▶ _EXERCISE GOAL_: Type out the complete listing below word for word, without its pictures.

▶ _SUPPLIED MATERIAL_:
....
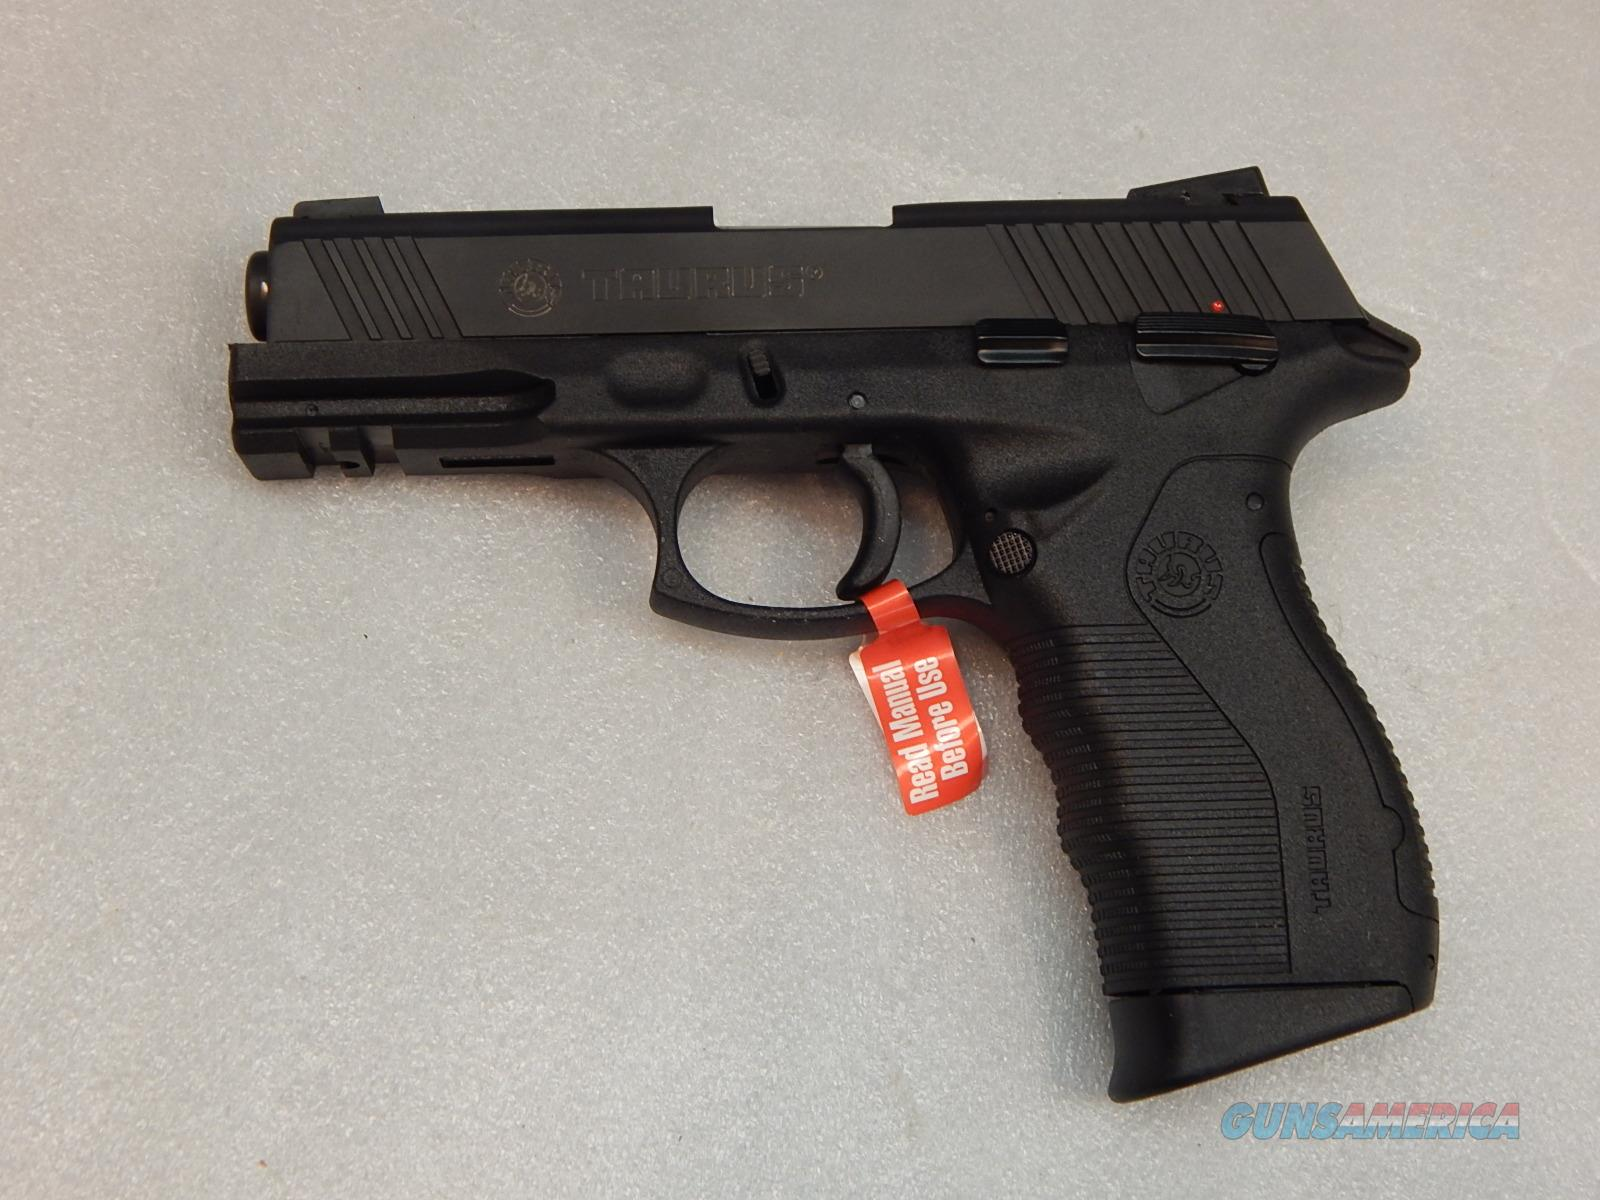 Taurus PT 809 NIB - 2 mags Guns > Pistols > Taurus Pistols > Semi Auto
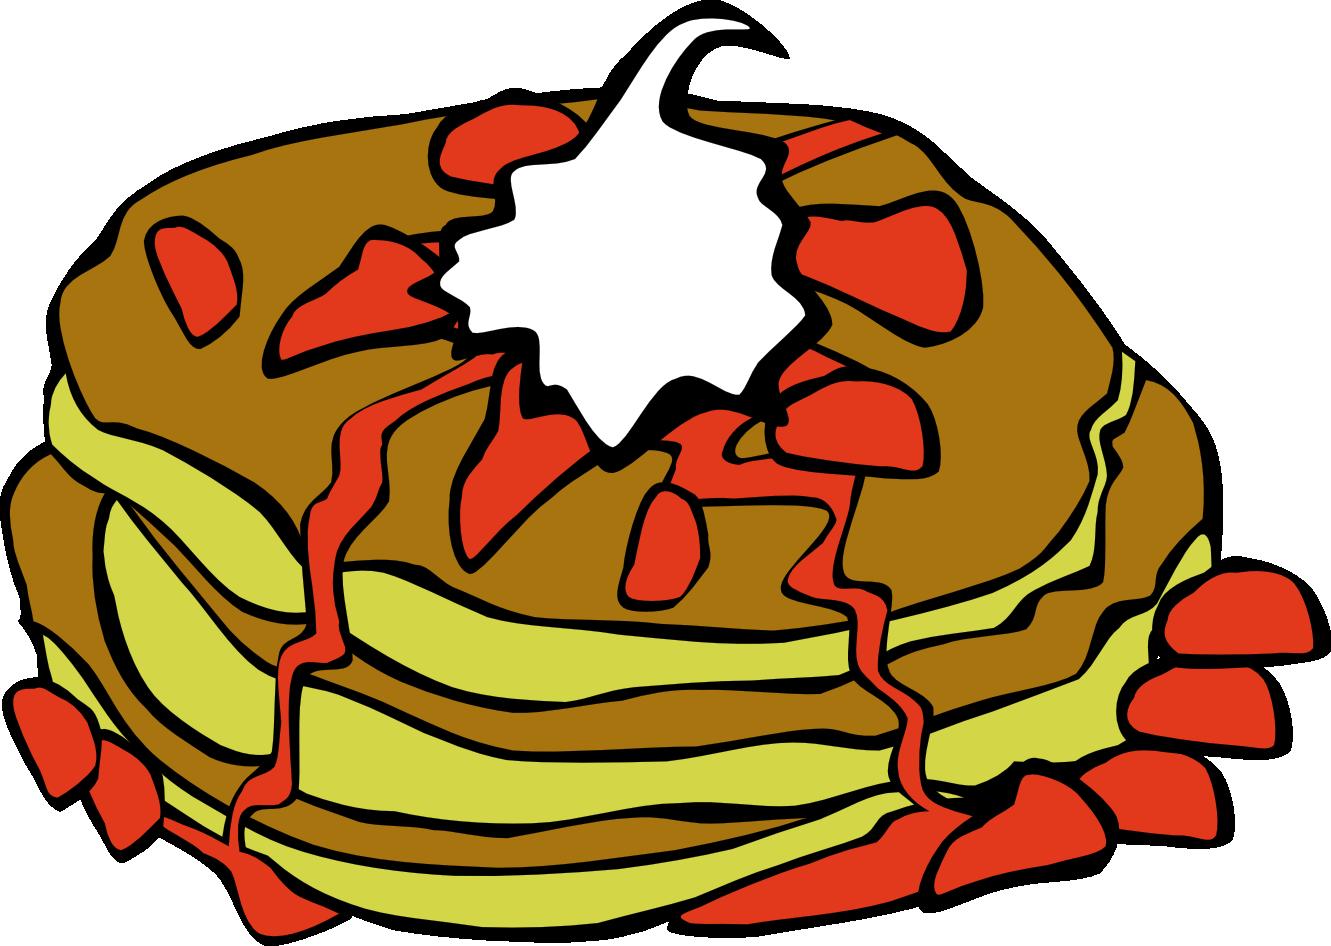 1331x946 Download Breakfast Clip Art Free Clipart Of Breakfast Food 3 Image
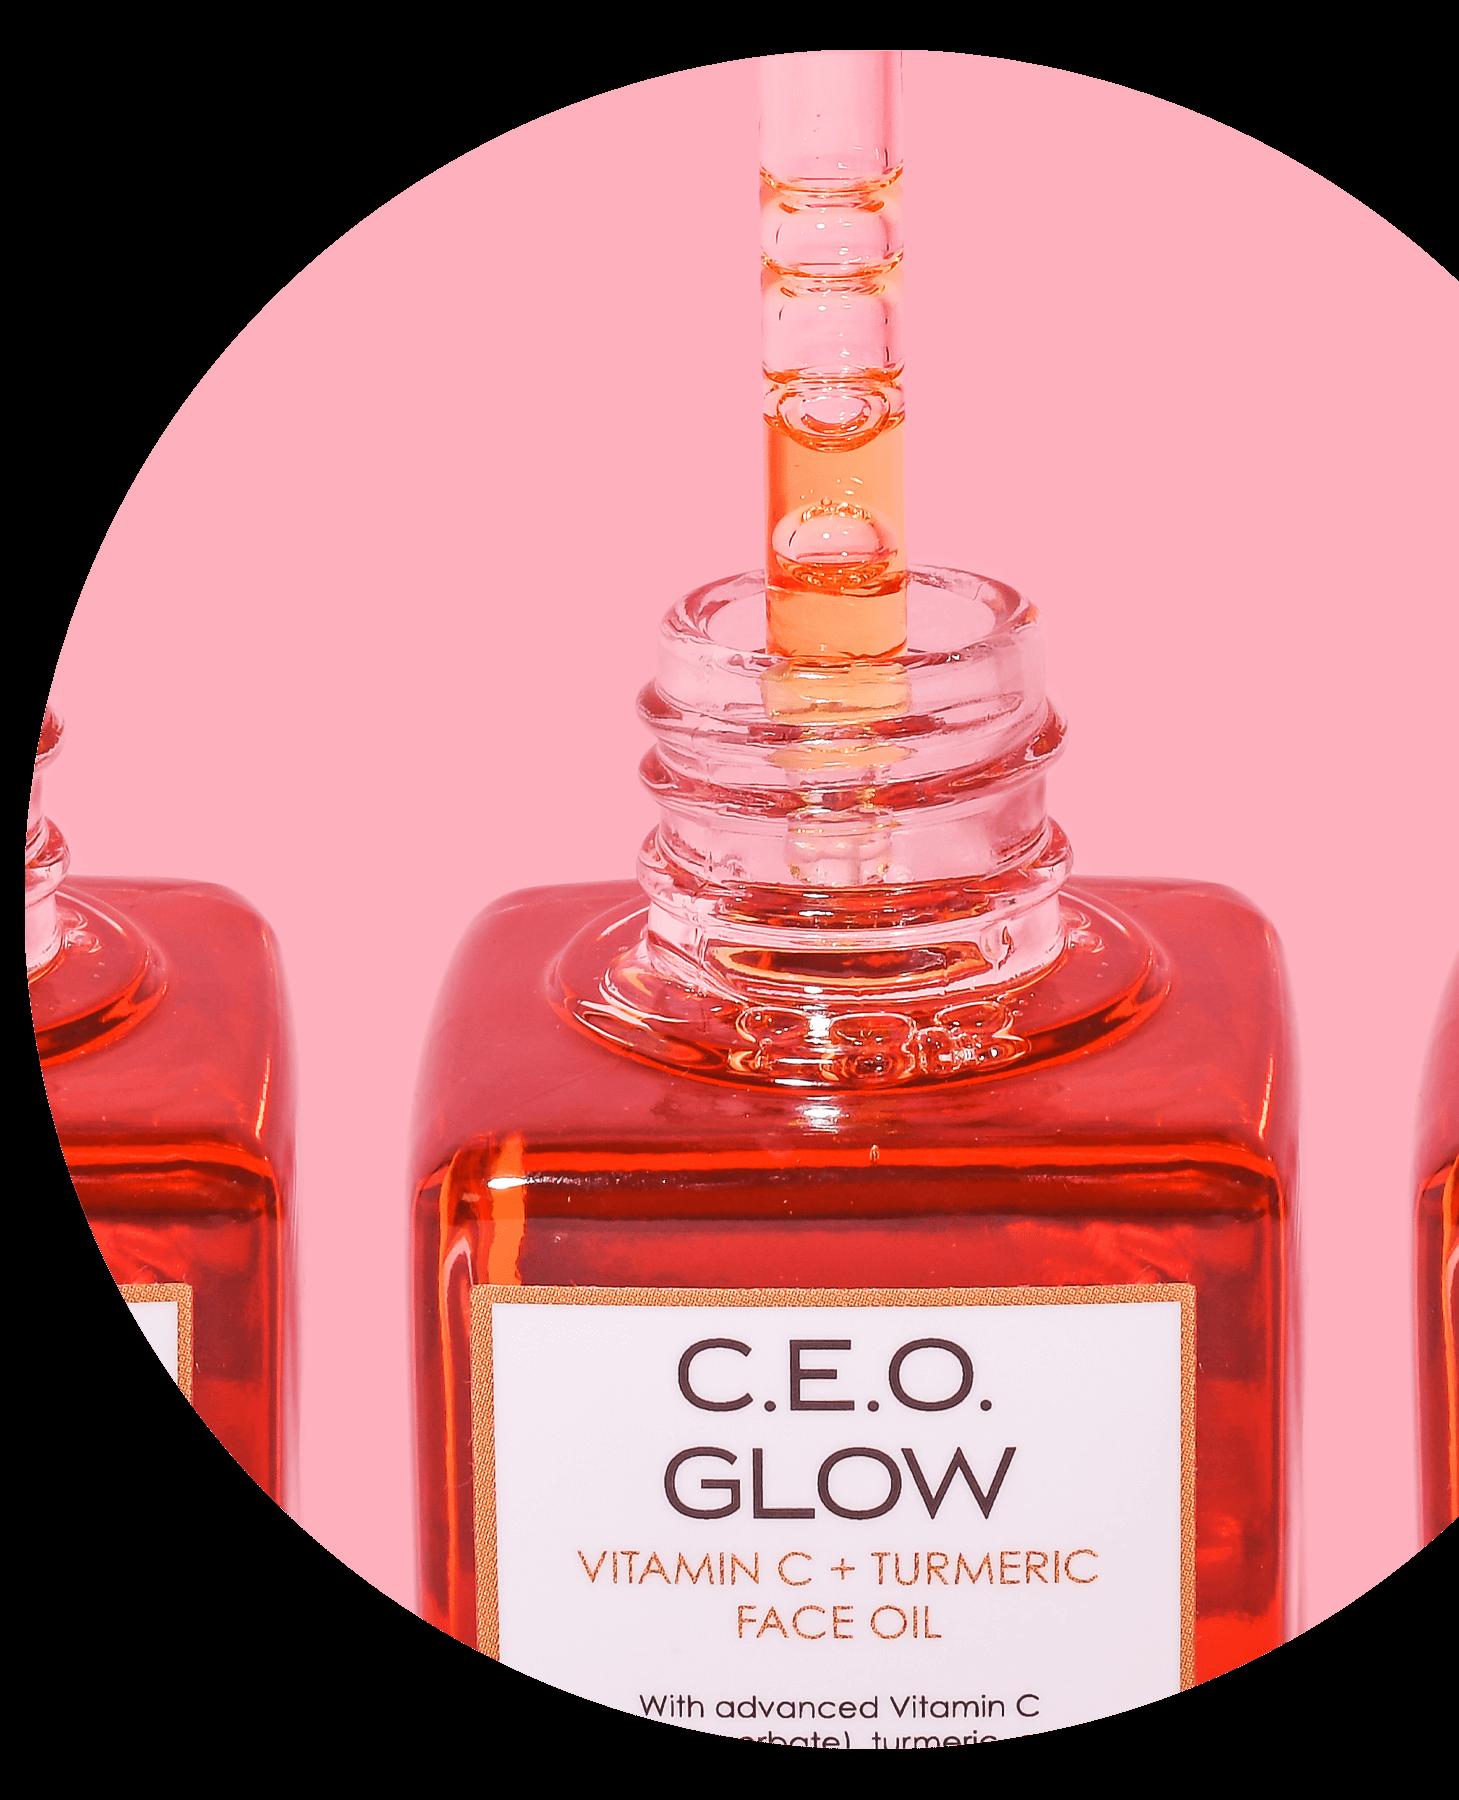 Instantly Illuminate with C.E.O.!
....
▶ _ANSWER SECTION_:
 Taurus PT 809 NIB - 2 mags Guns > Pistols > Taurus Pistols > Semi Auto
 1331x946 Download Breakfast Clip Art Free Clipart Of Breakfast Food 3 Image
 Instantly Illuminate with C.E.O.!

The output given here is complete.